Как-то утром, когда я, лежа между морем и моими утесами, мужественно терпел солнечные лучи, меня вдруг вывел из полуоцепенения громкий крик. Я приподнялся. Крик повторился, и я сразу решил, что это голос Агнессы Буссардель. Что произошло? Несчастный случай? Не тонет ли мальчик? Отвесными стенками утеса я был отрезан от мира. Я вошел в воду. Несколько взмахов, и я доплыл до пляжа. Мальчик возился в воде у берега и не обращал никакого внимания на свою мать. Но она звала меня. И, увидев, бросилась ко мне. Я вышел на берег. Она пробежала уже немалое расстояние. Я поспешил ей навстречу. Бежала она, пожалуй, тяжело, но быстро, одной рукой придерживая костюм на груди, и протягивала мне какой-то предмет, который я на таком расстоянии не мог разглядеть. По своему обыкновению поверх купального костюма она надела коротенькую юбочку. Ее не очень длинные волосы развевались на ветру. Мне казалось, что я слышу, как под ее мощными шагами скрипит песок. Путь ей преградила лужа; она не заметила ее вовремя, угодила в нее ногой, и брызги воды взметнулись, заиграв на солнце.
Хотя я был почти обнажен, она, задыхаясь, бросилась ко мне на грудь и схватила меня за плечи. Я почувствовал, как она прижалась грудью к моему телу. Она не могла вымолвить ни слова, у нее перехватило дыхание. Она протянула мне ладонь, на которой лежало недоеденное яблоко, и что-то пробормотала.
Я разобрал только:
– Я должна... должна была с кем-то поделиться... А с вами в первую очередь.
По ее лицу струился пот.
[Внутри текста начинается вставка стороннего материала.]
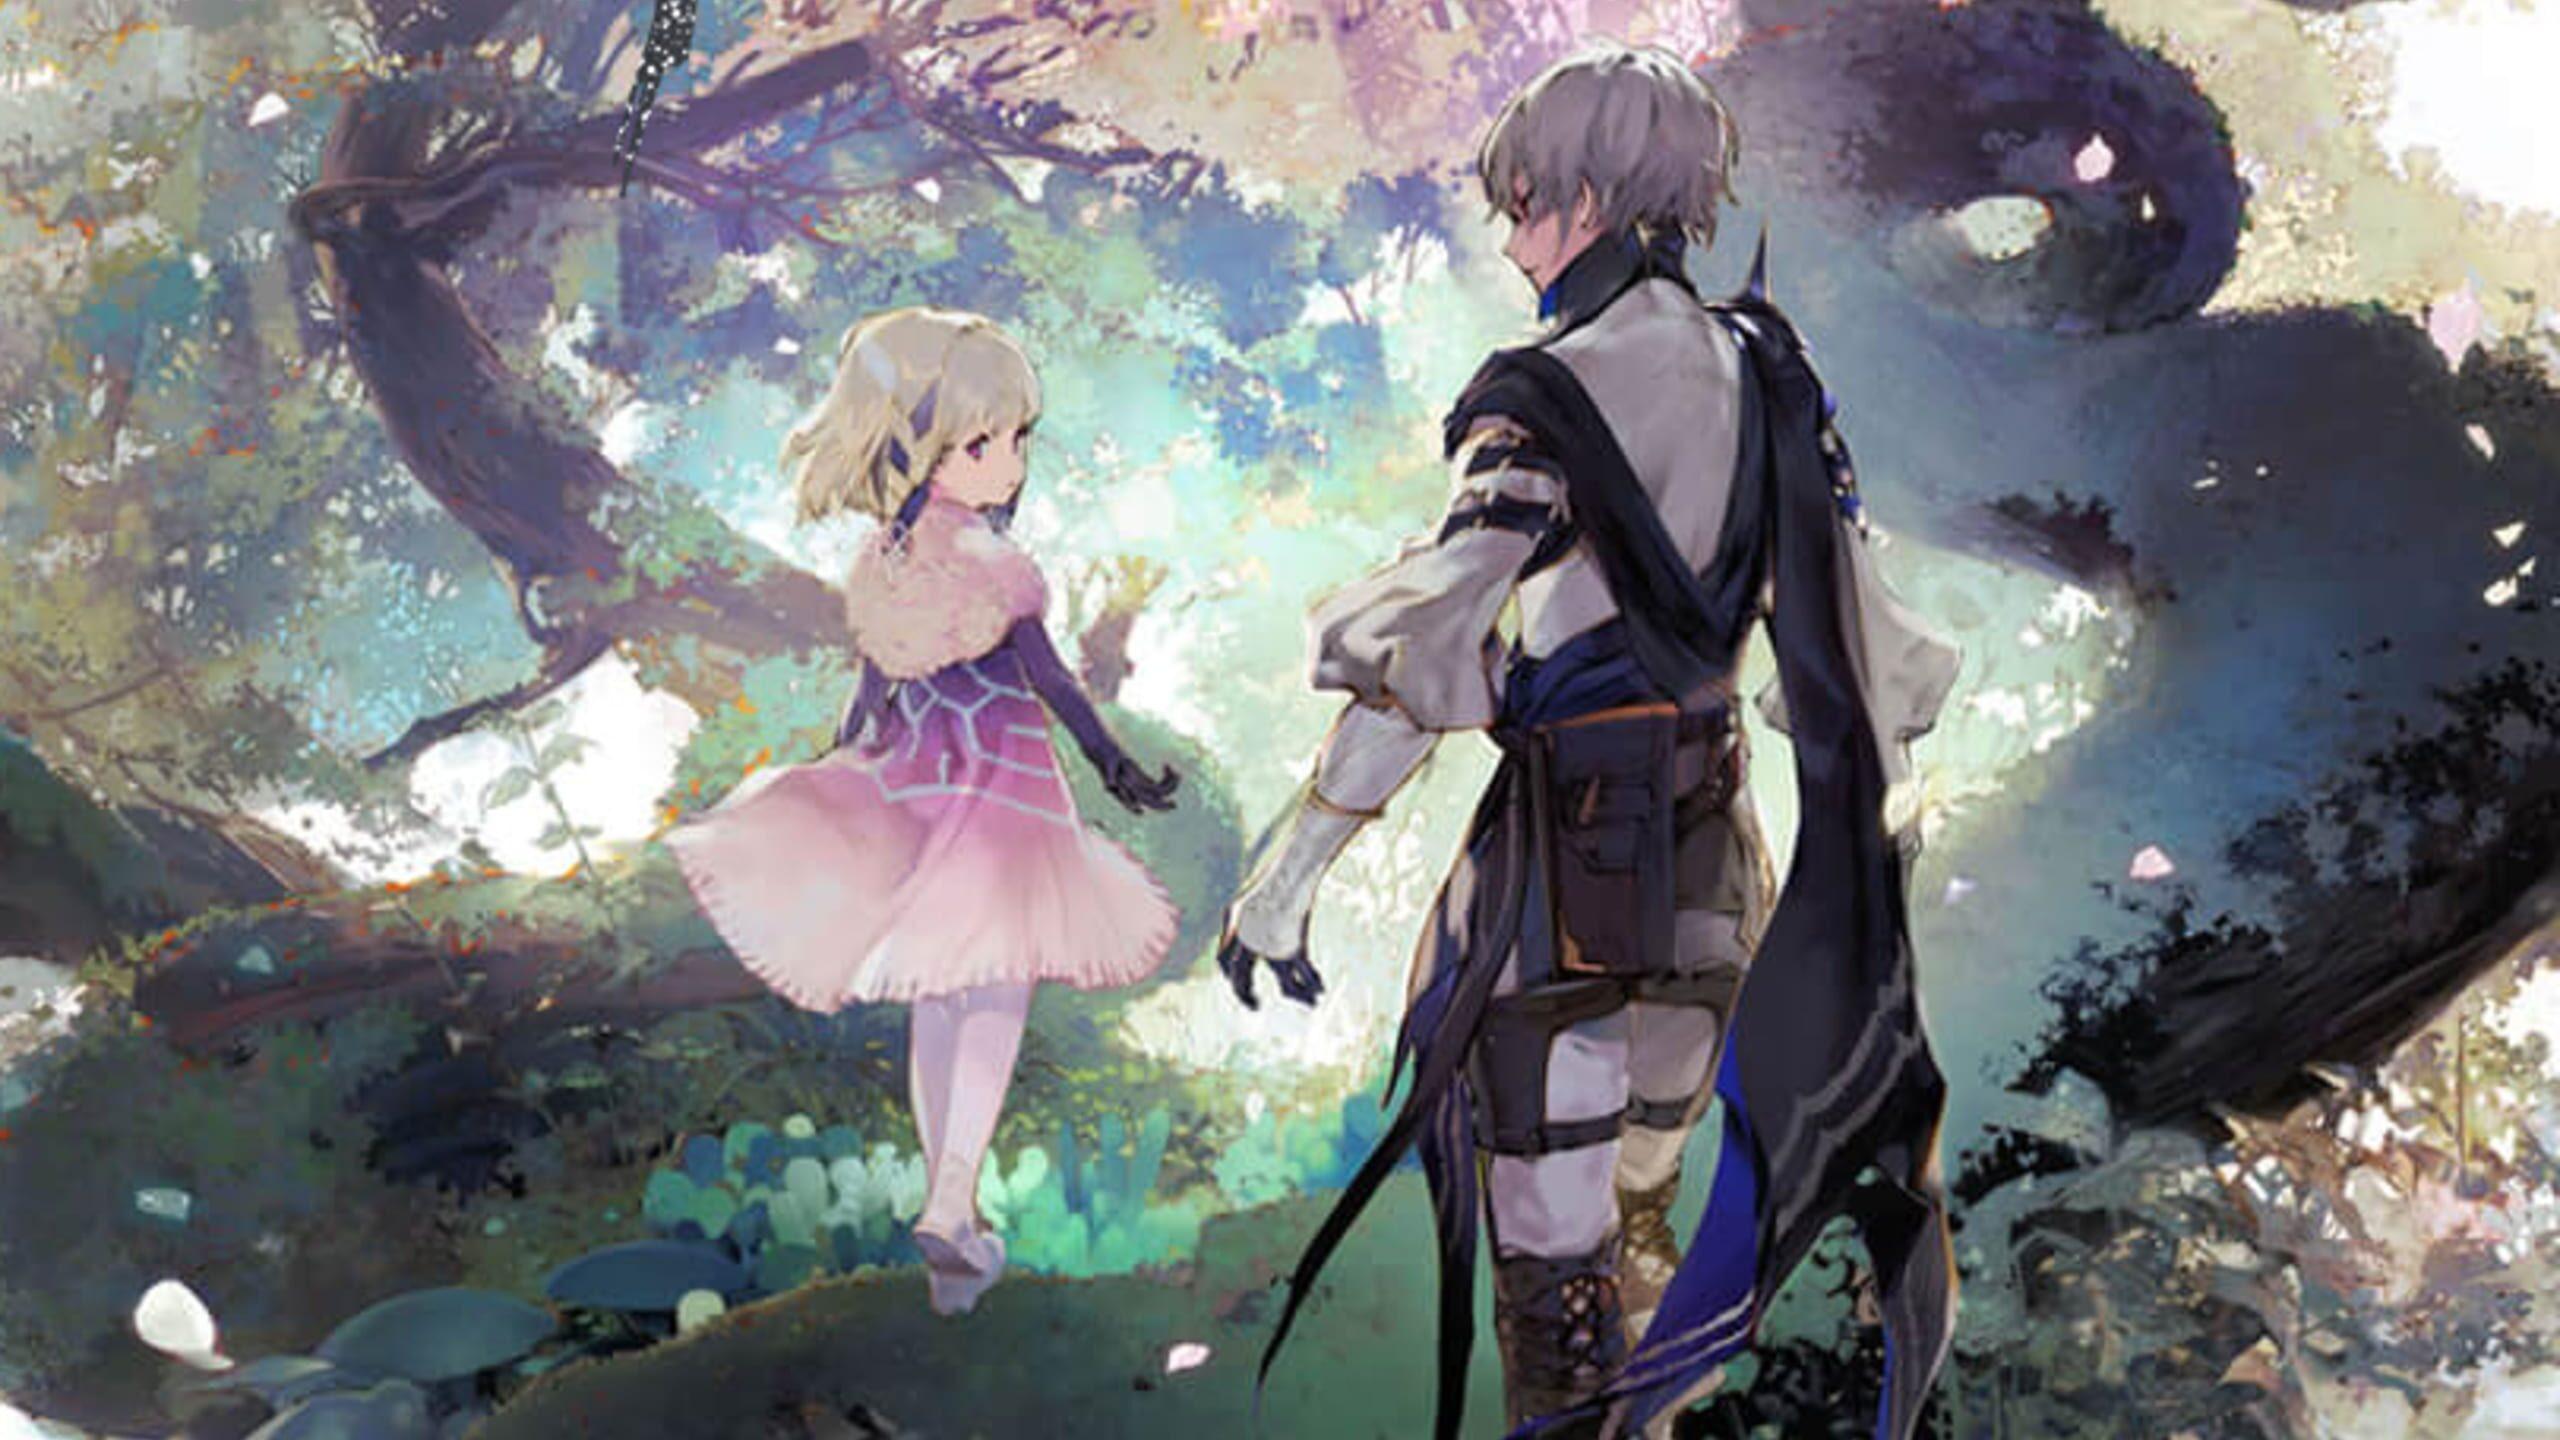 game cover art for Oninaki

Все ее тело сотрясалось от рыданий. Она смеялась и плакала – вся облитая солнцем. Она твердила:
– Он ел яблоко... Потом позвал меня, чтобы показать какого-то зверька, какого-то рачка, которого хотел поймать. И сказал: "Подержи яблоко"... При молочных зубах ничего видно не было, но теперь, когда растут настоящие... Посмотрите!
Она поднесла яблоко к моим глазам. На белой мякоти, надкушенной ребенком, был виден след двух резцов, разделенных маленькой ложбинкой.
– У него такие же зубы! – крикнула она.
Запрокинув голову к раскаленному небу и в страстном порыве поднеся яблоко к губам, она поцеловала след, оставленный зубами ее сына, она впивала сок плода.